Abstract
The nirS nitrite reductase genes were studied in two strains (strains 27 and 28) isolated from two denitrifying reactors and characterized as Thauera according to their 16S rRNA gene sequences. Strain 28 contains a single nirS sequence, which is related to the nirS of Thauera mechernichensis, and strain 27 contains two nirS sequences; one is similar to the nirS sequence from Thauera mechernichensis (gene 2), but the second one (gene 8) is from a separate clade with nirS from Pseudomonas stutzeri, Azoarcus species, Alcaligenes faecalis, and other Thauera species. Both genes were expressed, but gene 8 was constitutively expressed while gene 2 was positively regulated by nitrate.
Denitrification, the respiratory reduction of nitrate to gaseous products, is an important component of the nitrogen cycle. Complete denitrification requires the sequential action of four enzymes: nitrate reductase, nitrite reductase, nitric oxide (NO) reductase, and nitrous oxide (N2O) reductase (8, 9, 13). Respiratory nitrite reduction to NO is catalyzed by a copper nitrite reductase (NirK) or a cytochrome cd1 nitrite reductase (NirS). Since denitrification is widespread among microorganisms belonging to phylogenetically distinct groups of Bacteria and Archaea, functional genes, e.g., nirK and nirS, have been used as markers in ecological studies of marine sediments and soil (cf. references 1 and 2).

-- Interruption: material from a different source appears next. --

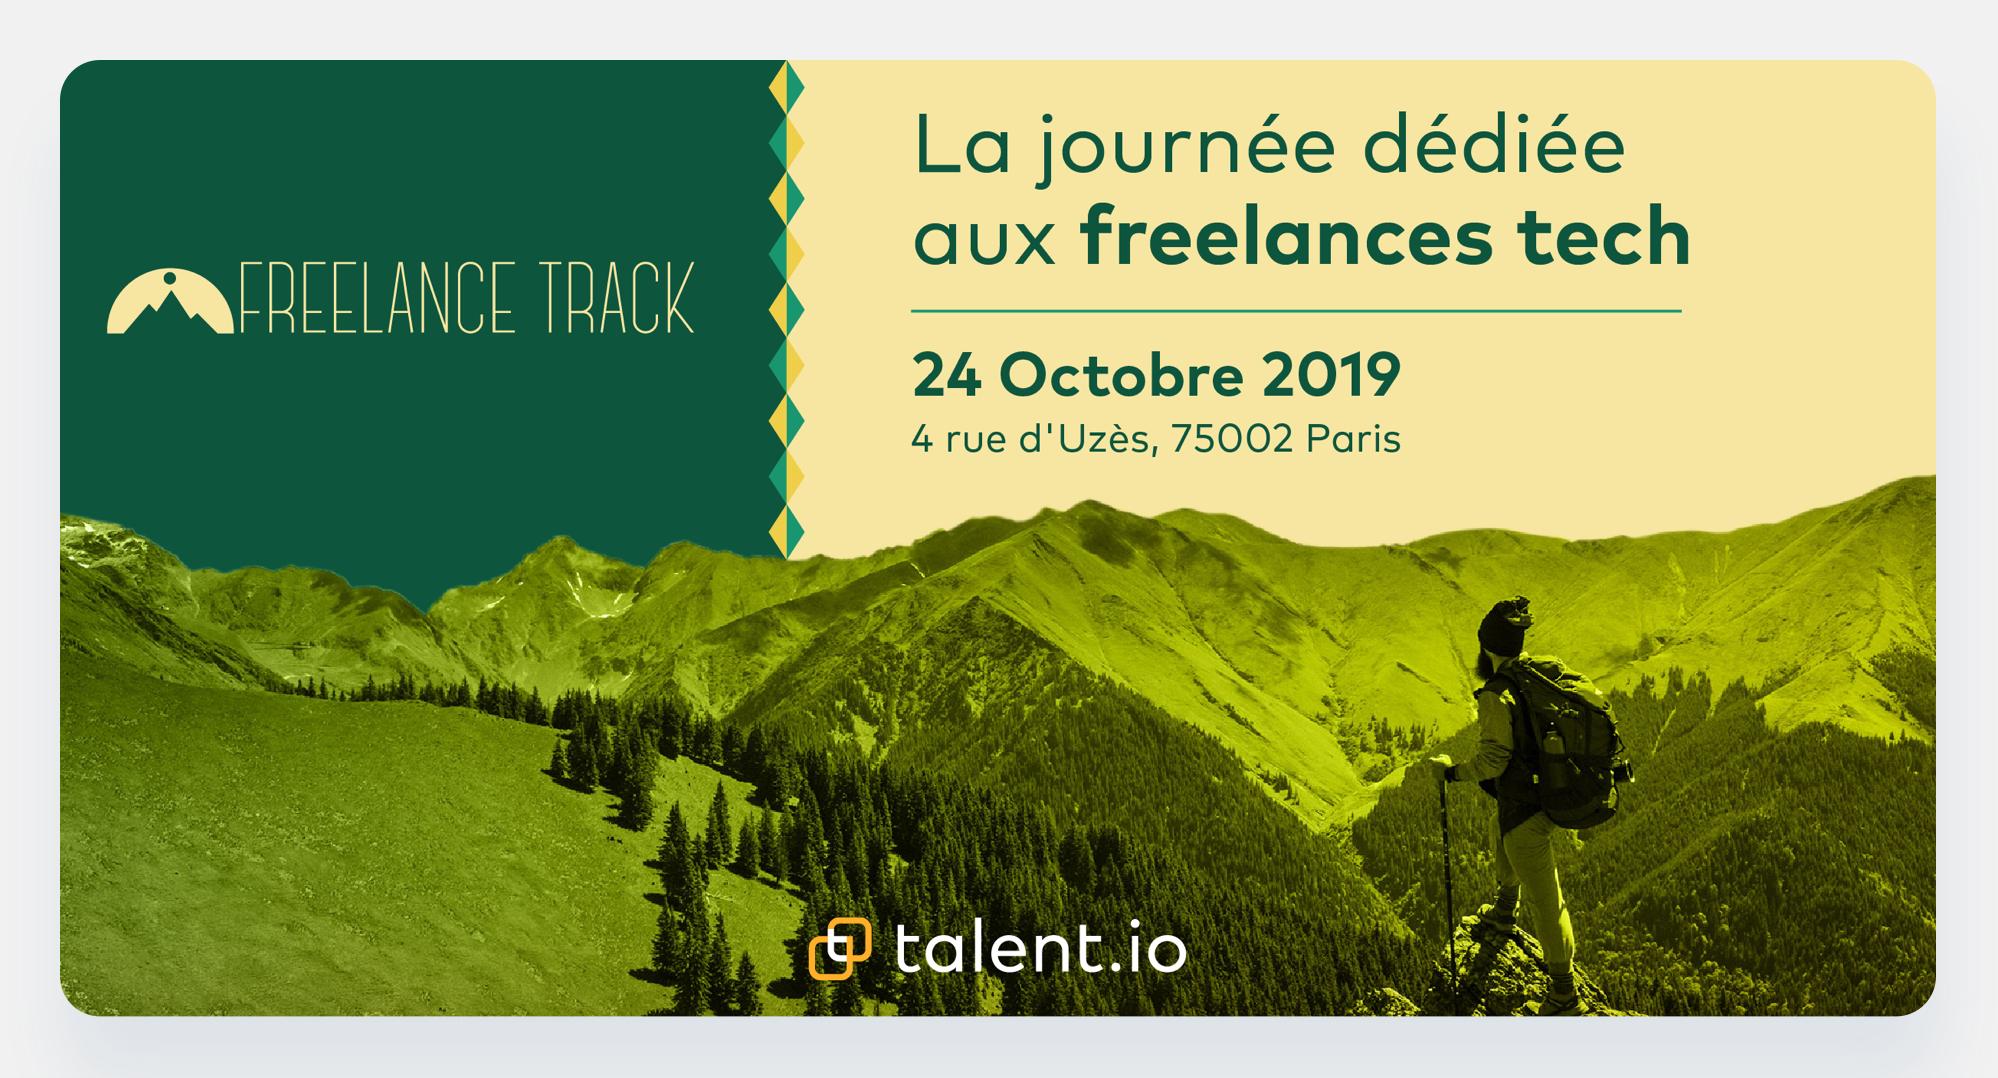 Freebe : Freebe t'invite au prochain Freelance Track!

We used nirS and nirK as gene markers to study the denitrifier ecology in reactors being developed for high-rate nitrate removal from wastewater. Previous work demonstrated that an upflow anaerobic sludge blanket denitrifying reactor could be developed with the denitrifiers retained in granules for a high-rate process (5, 6). In this work, two upflow anaerobic sludge blanket laboratory-scale reactors (reactors 1 and 2) were running in parallel but seeded with different inocula. During 2 years of reactor operation, 20 strains were isolated at different times from terminal most-probable-number denitrifier tubes and from direct tryptic soy agar (TSA; Difco) plates (5, 6). Ten of these strains, isolated from both reactors at different reactor operation times, presented the same amplified 16S rRNA gene restriction fragment length polymorphism (RFLP) profile and single-strand conformational polymorphism peak (5, 6). Two of these strains (strains 27 and 28), isolated from reactors 1 and 2, respectively, at 12 weeks of operation, were selected and characterized by 16S rRNA gene sequence analysis as belonging to the genus Thauera (5, 6). A high level of DNA-DNA homology between the strains suggested that both belong to the same species (6). This result suggests that organisms belonging to the Thauera genus persisted in the reactors throughout 1 year of operation.
In the present work, the diversity of nitrite reductase genes was studied in the Thauera isolates. Surprisingly, two different nirS gene sequences were found in 9 of the 10 strains. The aim of this work was to characterize both genes and to study their expression in strain 27, the strain carrying both genes.
Nitrite reductase genes analysis from denitrifying isolates.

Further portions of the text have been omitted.